Until recently, however, bacteria resistant or tolerant to antibiotics have been a problem mainly in hospitals, explains microbiologist Michael S. Gilmore of the University of Oklahoma Health Sciences Center. In hospitals, doctors have a fighting chance of controlling the microbes' spread. But Tuomanen's discovery that the microbes are beginning to appear in the general public suggests that efforts to control the spread of resistant or tolerant bacteria could soon become more difficult.
MYSTERY SWITCH. Tuomanen's discovery required years of painstaking work. Scientists had known since 1970 that penicillin and other antibiotics don't actually kill bacteria directly. Instead, the drugs somehow turn on a bacterial self-destruct program that causes the bugs to die. But what flips on the fateful switch? And why do some bacterial strains seem to lack the switch entirely? That is what enables them to tolerate antibiotics.
Tuomanen chose to work with Streptococcus bacteria. Five years ago, she began altering the germ's genes, hoping to develop a collection of strains in which each one of the bacterium's 2,000 genes was disabled. Within three years, she had a freezer full of some 10,000 such strains. Next came the time-consuming task of growing the altered strains in the lab and searching for those that could tolerate antibiotics. The idea was to determine which genes were part of the bacterial self-destruct mechanism.
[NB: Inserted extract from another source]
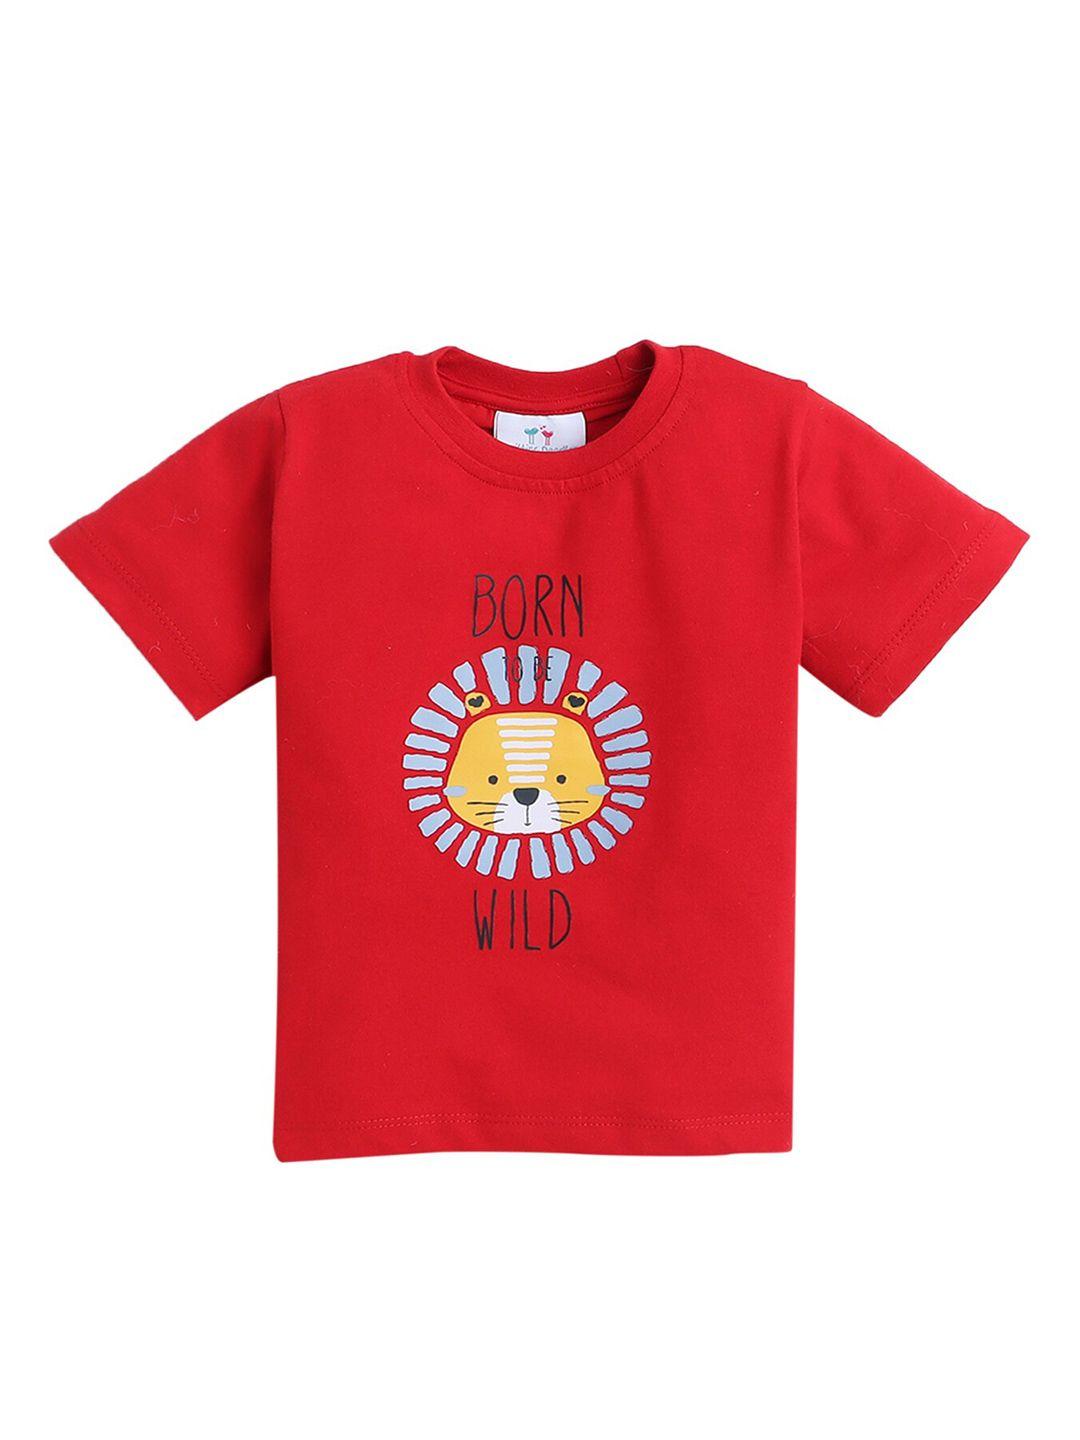 Knitting Doodles Boys Born To Be Wild Cub Printed Round Neck Regular Fit Cotton T-Shirt

The search bore fruit. Tuomanen and her co-workers first found that 25 mutant strains could survive when doused with antibiotics. Then they showed that one of those mutated genes was part of the elusive, long-sought self-destruct switch. It was the gene for a sensor molecule that perches on a microbe's outer membrane. When the sensor encounters evidence of an antibiotic, it starts a biochemical process that turns on the self-destruct switch--and the germ dies. But when that sensor is disabled, Tuomanen found, antibiotics do not trigger the signal that turns on the suicide switch. The biochemical process is what scientists call a "signal transduction pathway," one of many communication systems that perform vital tasks inside cells. Tuomanen's work "reminds us that the signal transduction pathway of bacteria is very important," says W. Gary Tarpley, vice-president for discovery research at Phamacia & Upjohn Inc.
Tuomanen then analyzed samples of Streptococcus microbes taken from sick people. She discovered that 2% of the bacteria harbored this sensor mutation. That meant they would not be destroyed by antibiotics--not even by the antibiotic vancomycin, which kills almost anything. "We were pretty shocked," Tuomanen says. Adds the University of Oklahoma's Gilmore: "What is really important is that she found that [the microbes] weren't just tolerant to penicillin, but to vancomycin as well."
Tuomanen already has preliminary evidence suggesting that kids who get meningitis from tolerant strains of Streptococcus tend to have more relapses. And she's now analyzing germs from sick kids to determine the extent of the problem.
Tuomanen has also stepped up the effort to reach her original goal: finding a new drug that can zap antibiotic-tolerant strains. It might be possible to find a drug that bypasses the mutated sensor and flips on the self-destruct mechanism directly. Or it might be better to jump-start the suicide genes at a later stage in the sequence of events leading to cell death, drug development experts say.
Either way, there's tantalizing hope that drugs using such approaches might make it tougher for mankind's microbial scourges to develop tolerance or resistance to drugs. As the struggle between man and microbe continues, Tuomanen's years of genetic sleuthing may eventually help tip the balance.